Konig flings his hands upward in despair. “That tracer is no goddamned good. It inhibits her. She won’t even talk to me with—”

“A minute ago you said she knew there was a tracer on that phone—right?”

“Sure, but—”

“Never mind the ‘buts.’ You said it—right?”

“Well, you’d have to be one helluva God-awful idiot not to—”

“So obviously it doesn’t matter to her whether the line’s bugged or not—right?”

“Will you please stop with that ‘right’ thing every other minute?”

“She calls, doesn’t she? Lemme see—she’s called”—Haggard’s long, bony fingers moves like fate down the black-ruled lines of the DD13: Konig, Lauren. Age 22. Sex female. Caucasian. Ht. 5′ 6″. Wt. 118… Last seen—“six times the past three months—right? So bug or no bug, she keeps calling—right?”

“Sure. Then hangs up the minute the goddamned clicking starts.”

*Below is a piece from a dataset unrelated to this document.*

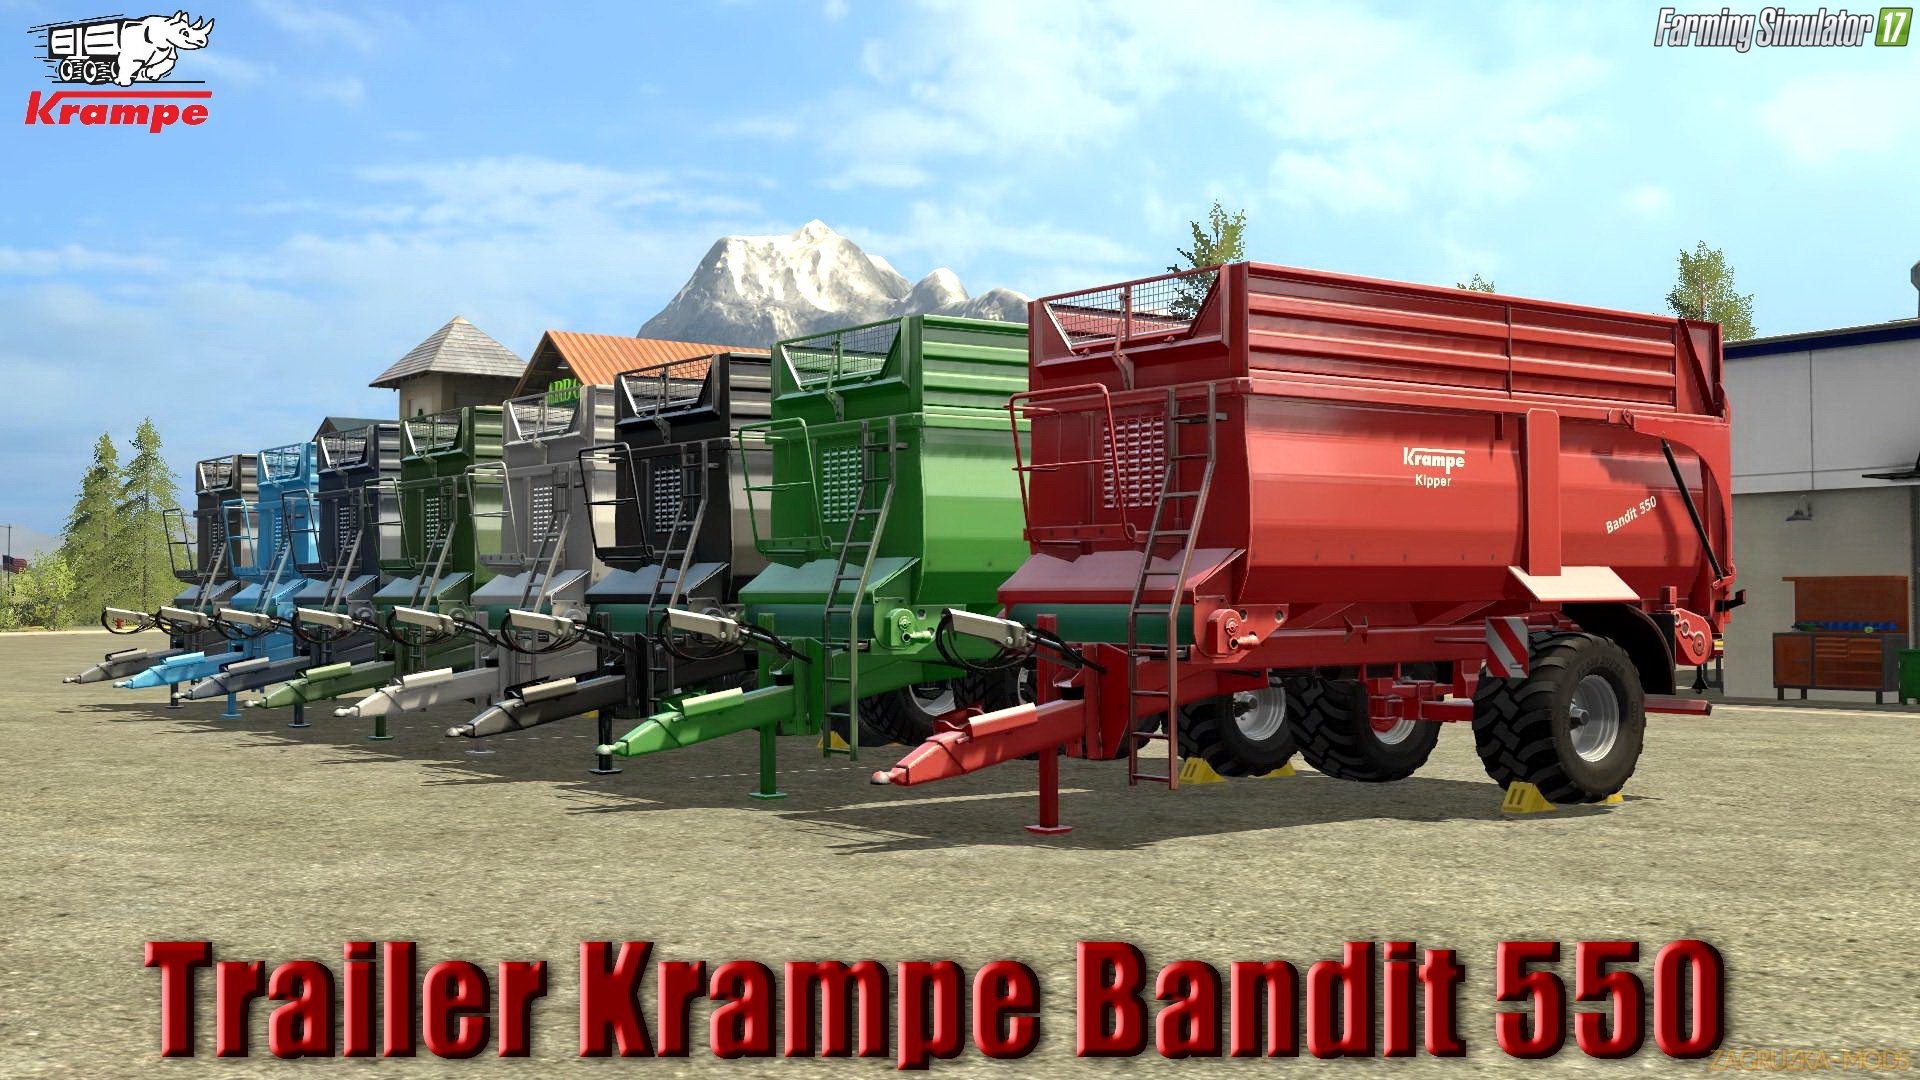 Krampe Bandit 550 v1.0 for FS 17
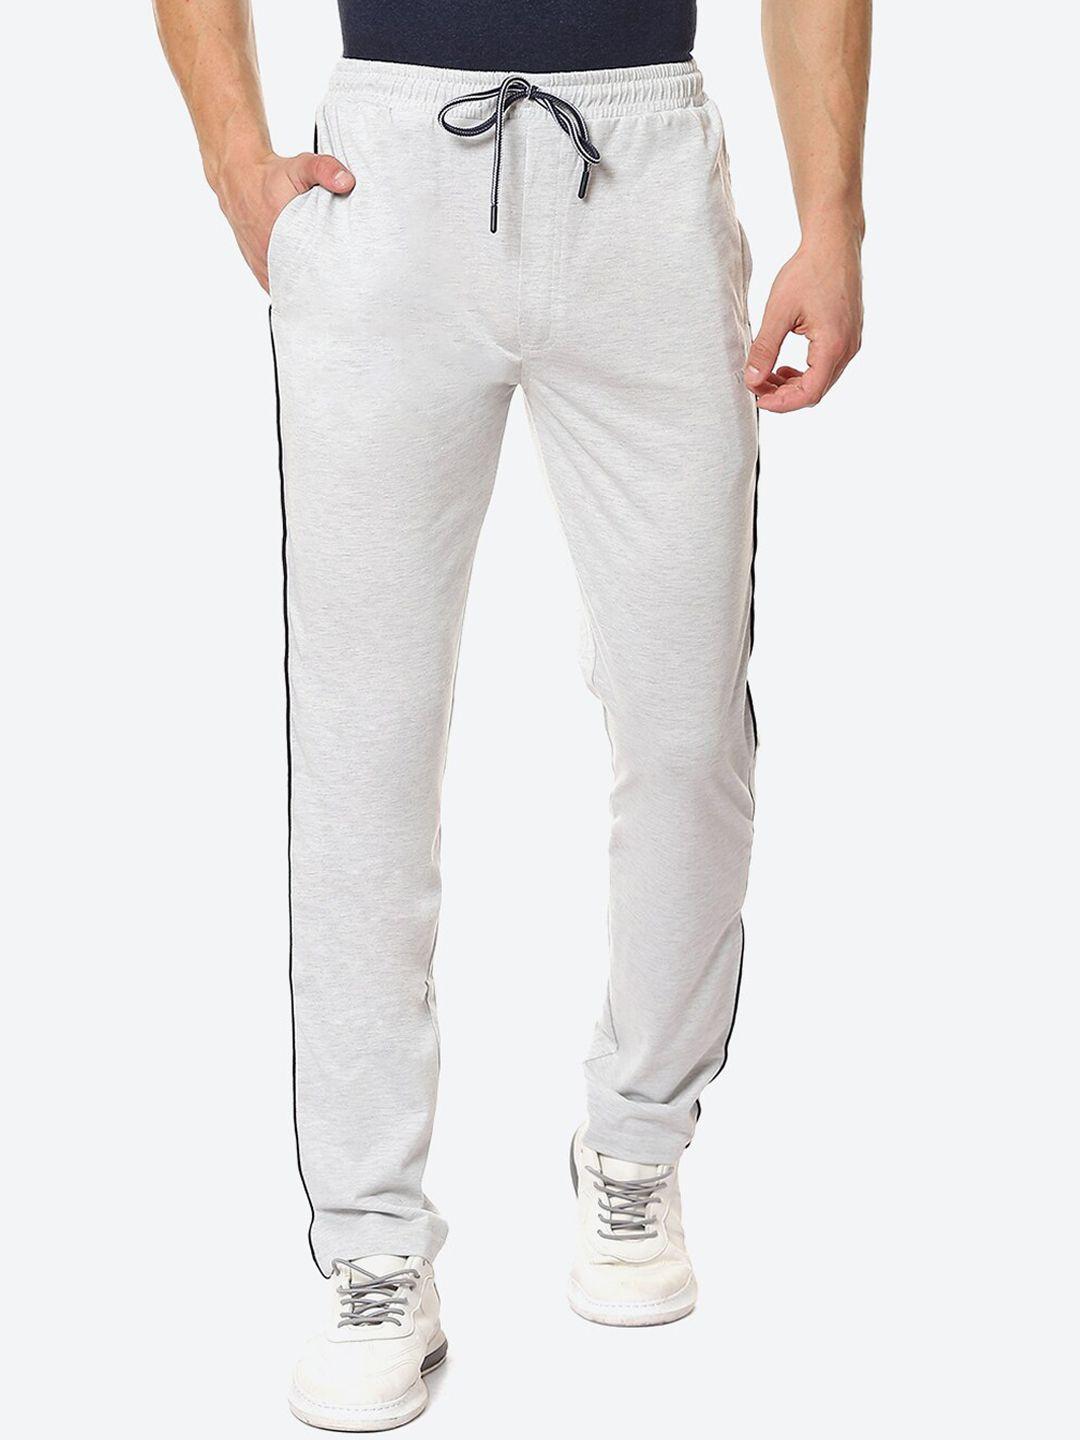 vinenzia-men-grey-solid-regular-fit-track-pants

“That doesn’t mean anything. I’ve seen enough of this kind of stuff in my time to know this kid’s calling for a reason. She needs to hear a friendly voice. And this card—” Haggard plucks up Lolly’s birthday card and examines it. “You know, you do look a little like this goddamned bear.”

“Christ!” Konig bolts up, winces at the sharp pain in his leg, then starts prowling up and down the room. “I want results. I want something to happen.”

“Sure you do. Sure you do. So do I. But I told you this wasn’t gonna be easy. No Social Security. No work record. An assumed name. If she keeps still, minds her own business, what the Bell are we supposed to go on?”